Abstract
Scientists often embed cells into a lower-dimensional space when studying single-cell RNA-seq data for improved downstream analyses such as developmental trajectory analyses, but the statistical properties of such nonlinear embedding methods are often not well understood. In this article, we develop the exponential-family SVD (eSVD), a nonlinear embedding method for both cells and genes jointly with respect to a random dot product model using exponential-family distributions. Our estimator uses alternating minimization, which enables us to have a computationally efficient method, prove the identifiability conditions and consistency of our method, and provide statistically principled procedures to tune our method. All these qualities help advance the single-cell embedding literature, and we provide extensive simulations to demonstrate that the eSVD is competitive compared to other embedding methods. We apply the eSVD via Gaussian distributions where the standard deviations are proportional to the means to analyze a single-cell dataset of oligodendrocytes in mouse brains. Using the eSVD estimated embedding, we then investigate the cell developmental trajectories of the oligodendrocytes.

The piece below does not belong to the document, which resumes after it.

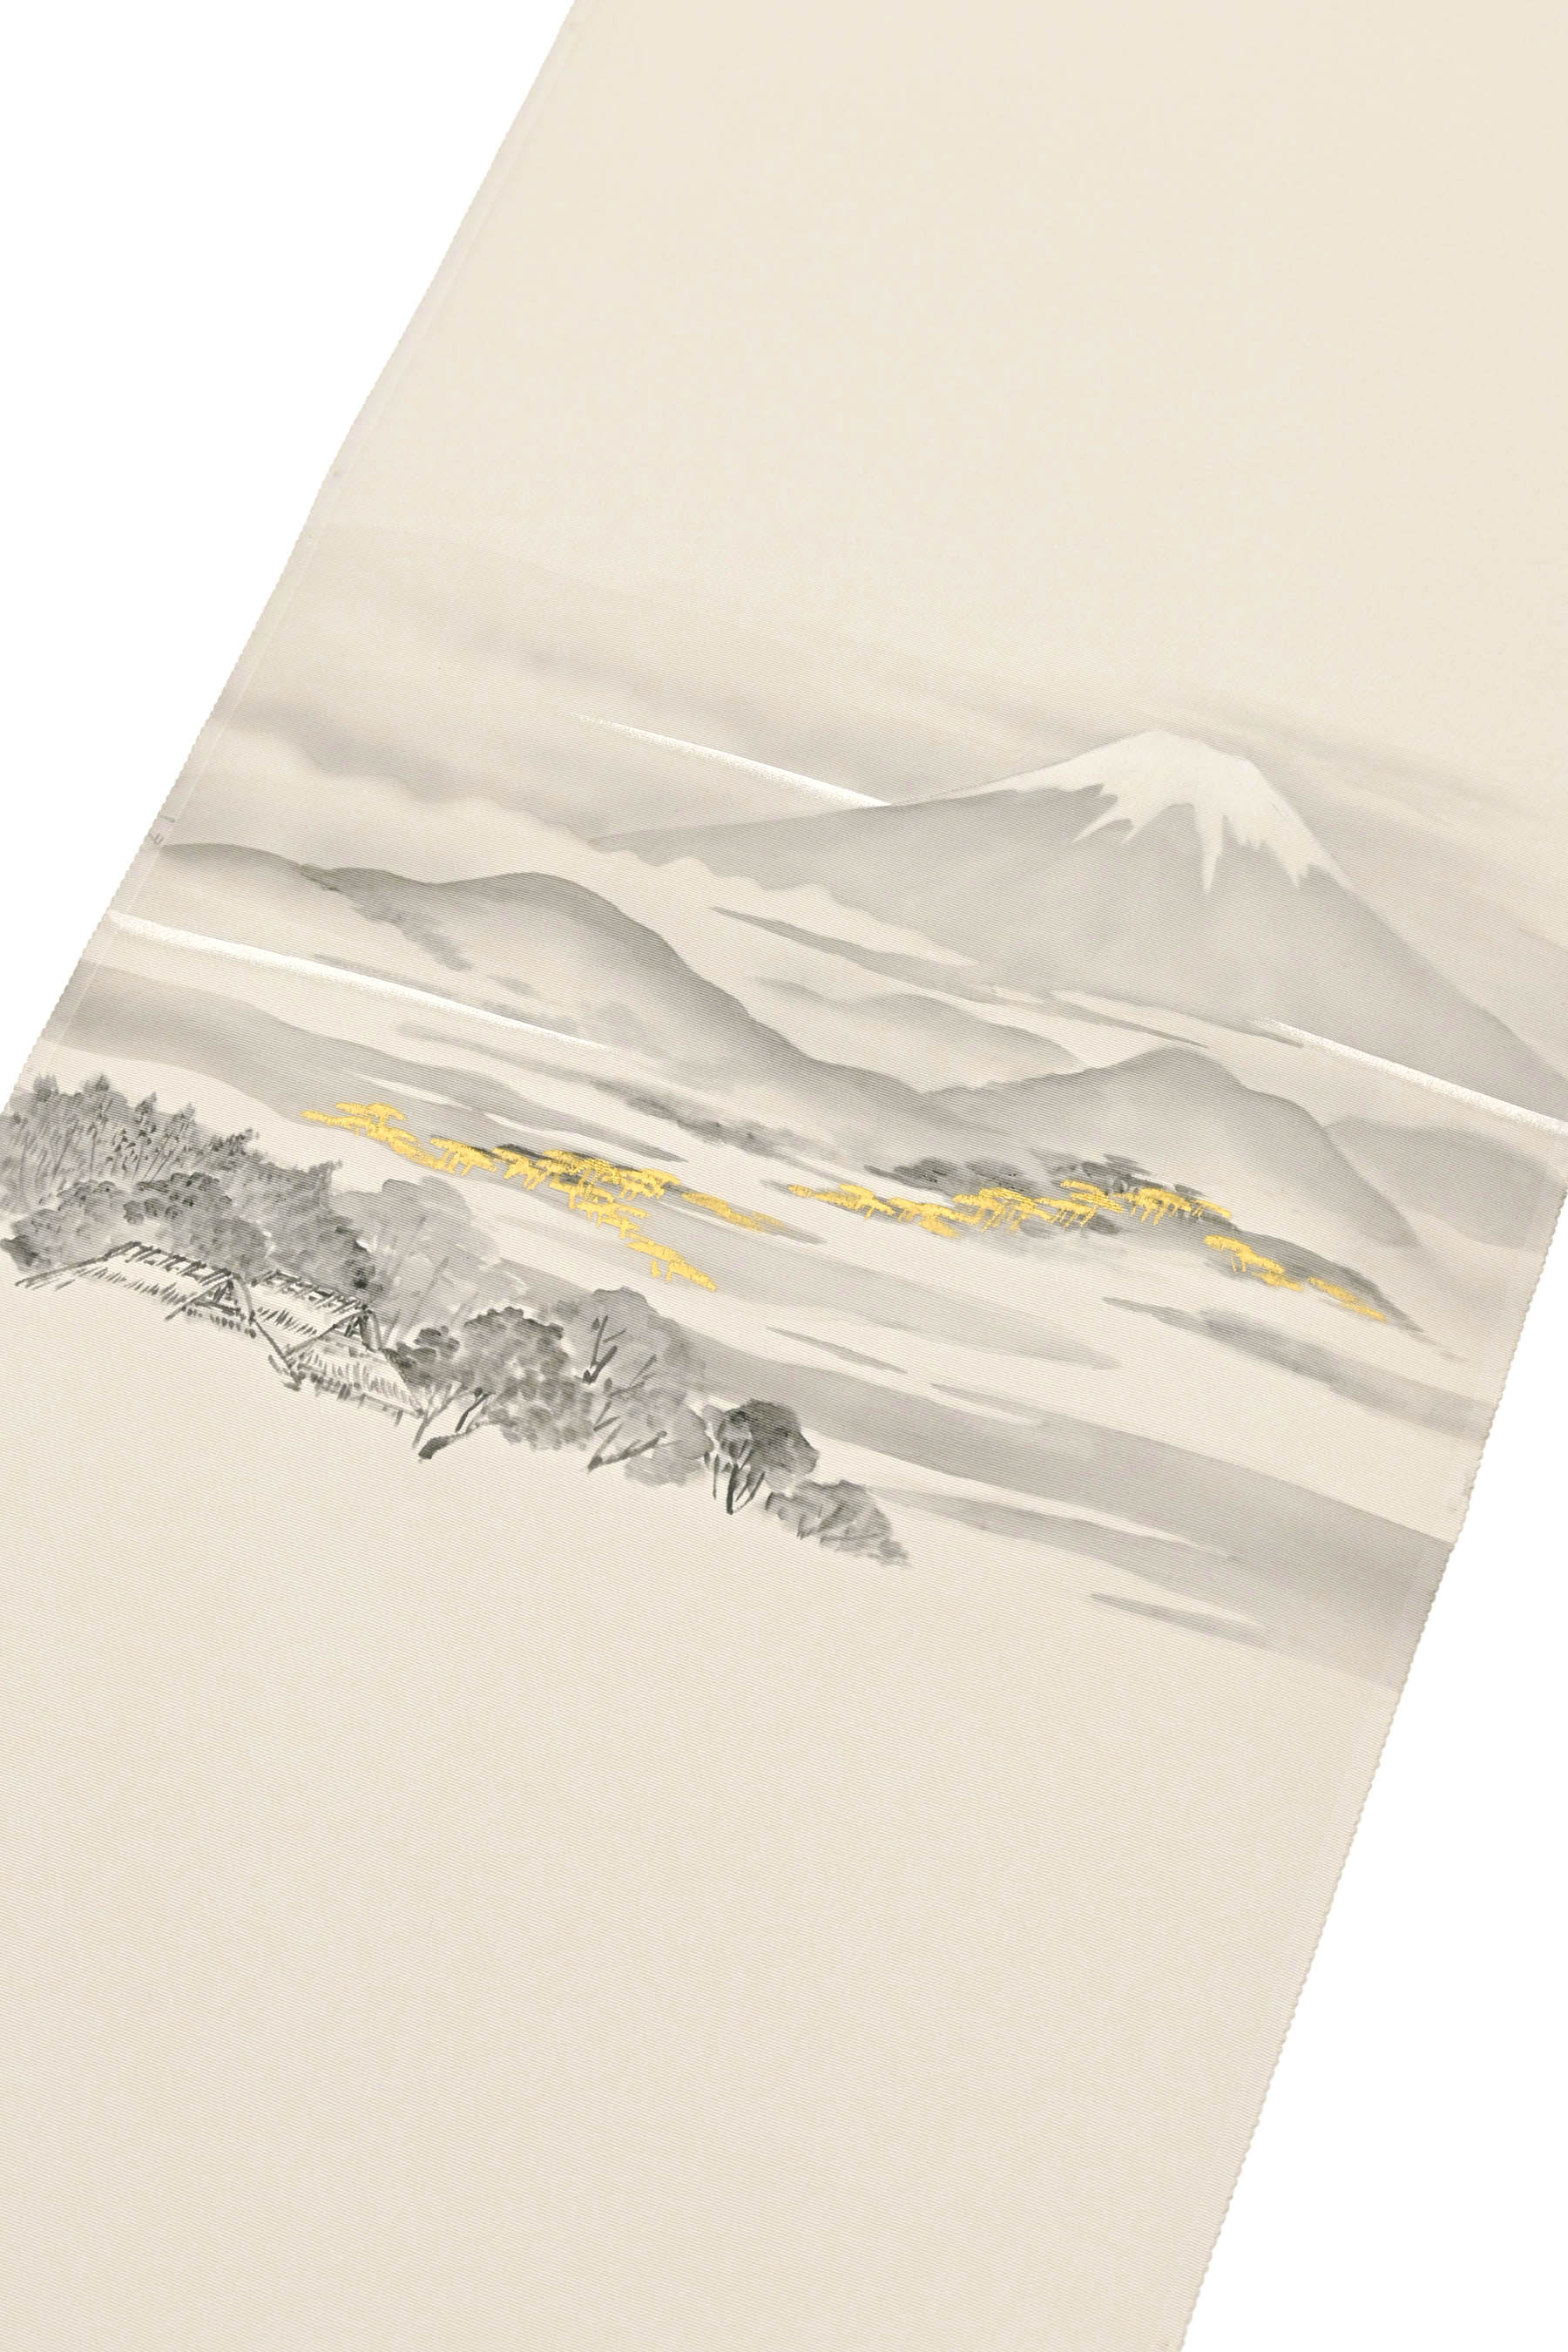 一流染匠 一富司】 特選本手描き京友禅九寸名古屋帯 「富士山」 日本の

While previous results are not able to distinguish the trajectories among the mature oligodendrocyte cell types, our diagnostics and results demonstrate there are two major developmental trajectories that diverge at mature oligodendrocytes. Supplementary materials for this article, including a standardized description of the materials available for reproducing the work, are available as an online supplementary materials.
Supplementary Materials
The following describe the sections in the supplementary materials. In Appendix A, we discuss the publicly-available code and data for reproducibility. In Appendix B, we discuss additional details of the eSVD, including its initialization, tuning procedure, usage for various exponential-family distributions and high-level comparisons to other methods. In Appendix C, we formally describe the analysis pipelines we used when analyzing the oligodendrocytes in Sections 2 and 7. In Appendix D and E, we formalize the statistical theory for estimating the matrix of natural parameters and specialize our theory for the curved Gaussian distribution respectively, alluded to in Section 5. In Appendix F, we describe additional simulation setups and results, extending those described in Section 6. In Appendix G, we describe our modifications to Slingshot and our method for constructing the uncertainty tube in detail. In Appendix H, we describe our additional analysis results of the oligodendrocytes from Section 7, including results of highly informative genes and empirical results when using other methods to analyze this dataset, as well as a clustering analysis of a second single-cell dataset. Appendix I and J contains the proofs for all our theoretical results.